The World Health Organization describes health systems in a framework that includes six “building blocks”: service delivery, health workforce, information, medicines, financing, and governance.7 For the optimal delivery of pre-hospital ACS care in India, each “block” in this model may be considered as a target for development. Inaccessibility to medical evaluation, insufficient numbers of trained pre-hospital ACS providers, lack of public knowledge of ACS symptoms, and relatively high costs of procedures for ACS treatment may contribute to suboptimal pre-hospital care in this population. In fact, limited pre-hospital data from a 2008 Indian ACS registry has shown that Indian patients with ACS delay an average of six hours from symptom onset to medical presentation and rarely use emergency medical transport services.8 Describing the pre-hospital experience of an ACS patient from a healthcare provider's perspective, particularly addressing the facilitators, barriers, and context of optimal pre-hospital care, may provide valuable insights into factors that contribute to excessive delay and targets for intervention. Furthermore, understanding ACS providers’ interactions with the healthcare system may provide opportunities to improve early detection and treatment in the critical pre-hospital time period.

1.3. Goals

To address these gaps in knowledge, we interviewed a variety of ACS providers and asked them to describe their experiences in caring for ACS patients. We sought to identify facilitators and barriers to the delivery of optimal pre-hospital care and engaging the healthcare system.

2. Methods

2.1. Study design and sample

We conducted a qualitative study of pre-hospital ACS providers and administrators (cardiologists, emergency room physicians, emergency room nurses, coronary care unit nurses, cardiac catheterization laboratory technicians, ambulance paramedics, a hospital administrator, and a state government health policy official) who were associated with the Acute Coronary Syndromes: Quality Improvement in Kerala (ACS QUIK) study, a cluster-randomized, stepped-wedge clinical trial investigating the implementation of a quality improvement toolkit on major adverse cardiovascular events in 63 hospitals throughout the South-Indian state of Kerala (ClinicalTrials.gov Identifier: NCT02256657). We chose a qualitative approach because we were interested in capturing critical aspects of a complicated process that is difficult to measure quantitatively and where little is known in the Indian context: namely, the individualized regional systems of the delivery of pre-hospital ACS care.
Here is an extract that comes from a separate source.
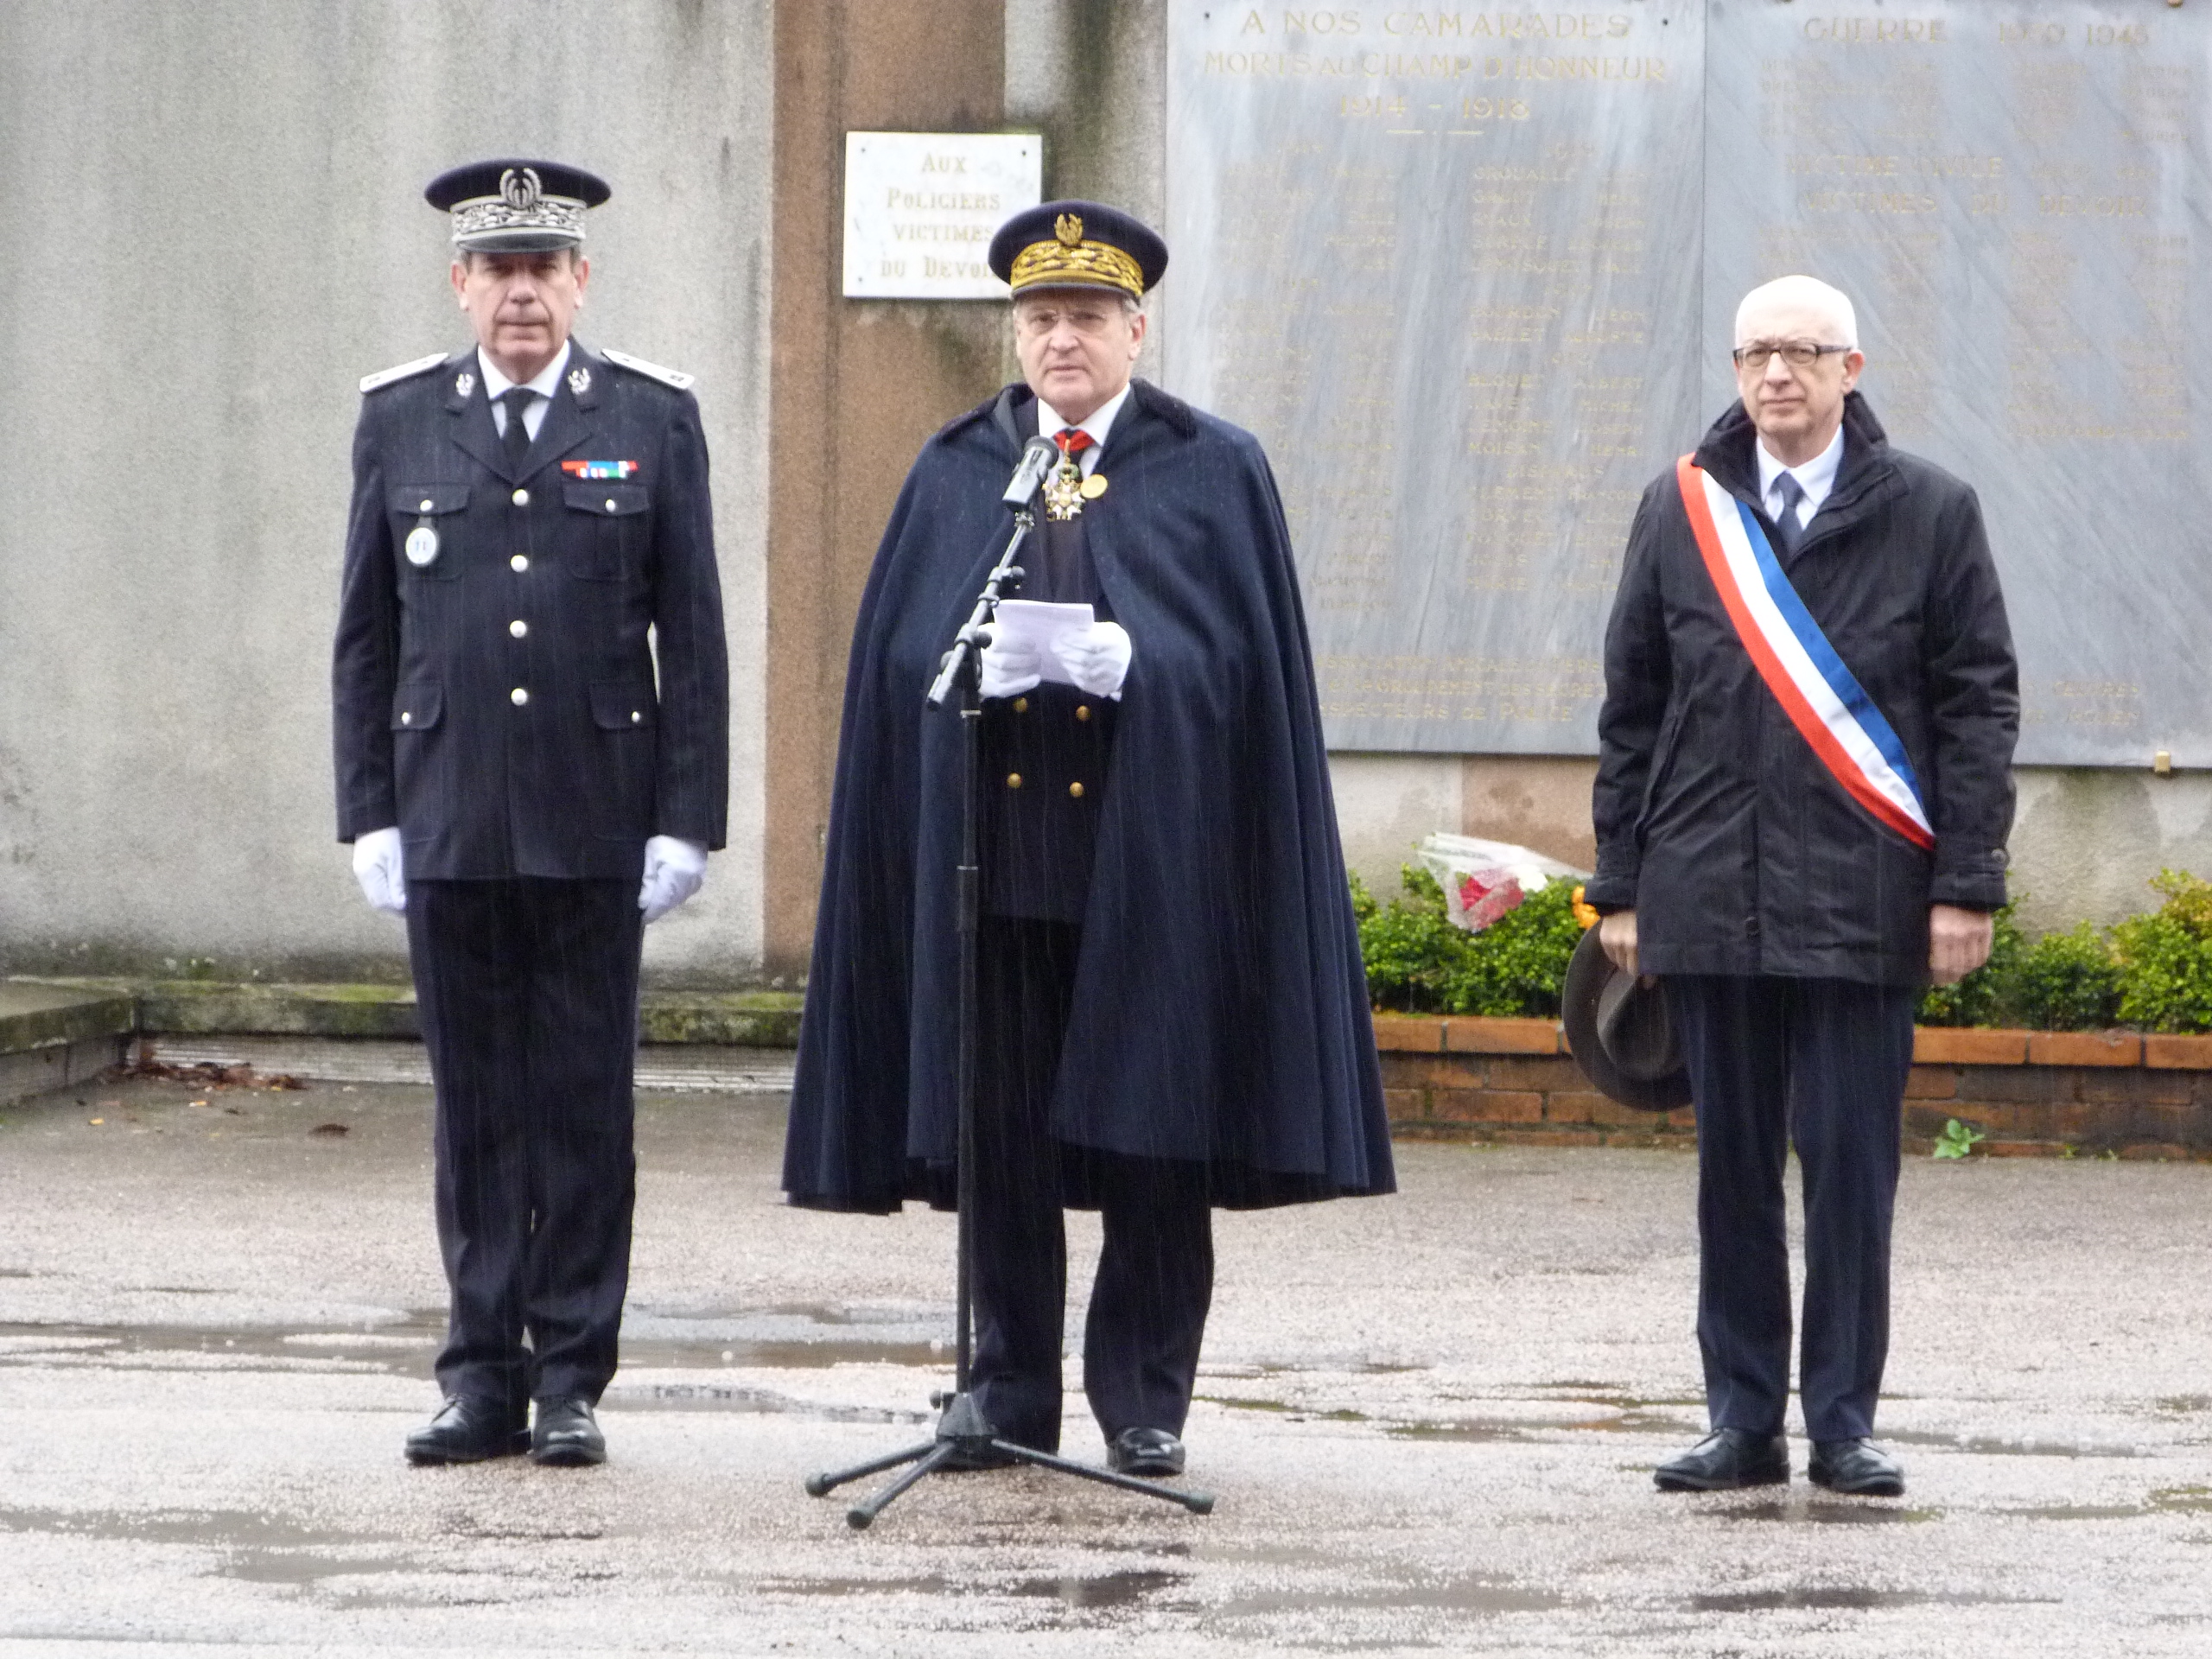 Le préfet Pierre-Henry Maccioni entouré d'Yvon Robert, maire de Rouen et du contrôleur Philippe Trénec, DDSP de Seine-Maritime (Photo DR)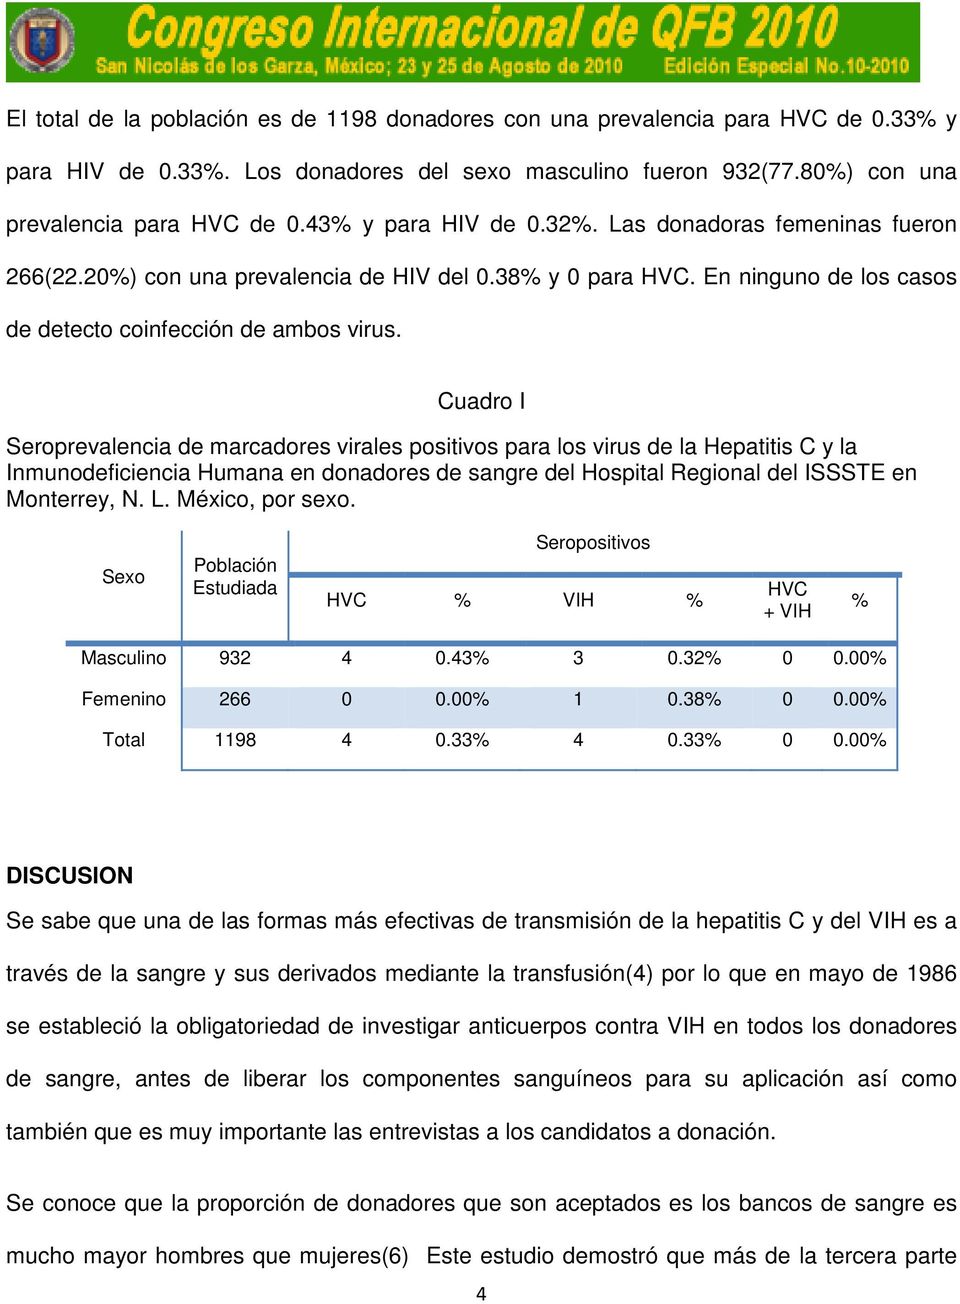 Cuadro I Seroprevalencia de marcadores virales positivos para los virus de la Hepatitis C y la Inmunodeficiencia Humana en donadores de sangre del Hospital Regional del ISSSTE en Monterrey, N. L.

Such methods are increasingly recognized as providing unique and valuable contributions to cardiovascular disease outcomes and health services research.9, 10 We used a grounded theory approach to guide our study, deriving explanations or theories inductively from the data we acquired.11

We selected an initial sample of participants who were uniquely able to provide insights of central importance to the study's purpose (purposive sampling frame) and who varied widely in the scope of their interactions with patients (maximum variability sampling). We then used a snowballing sampling technique12 based on these initial interviews and focus group discussions (FGDs). We contacted eligible participants either by a phone call or by an introductory letter sent via email explaining the purpose of the study and inviting their participation. We conducted in-depth interviews and FGDs in-person from October 2014 to March 2015. The final sample size was determined by the criterion of theoretical saturation, or the point at which no novel concepts emerged from successive interviews.13 Collective saturation was achieved on completion of 20 interviews and FGDs.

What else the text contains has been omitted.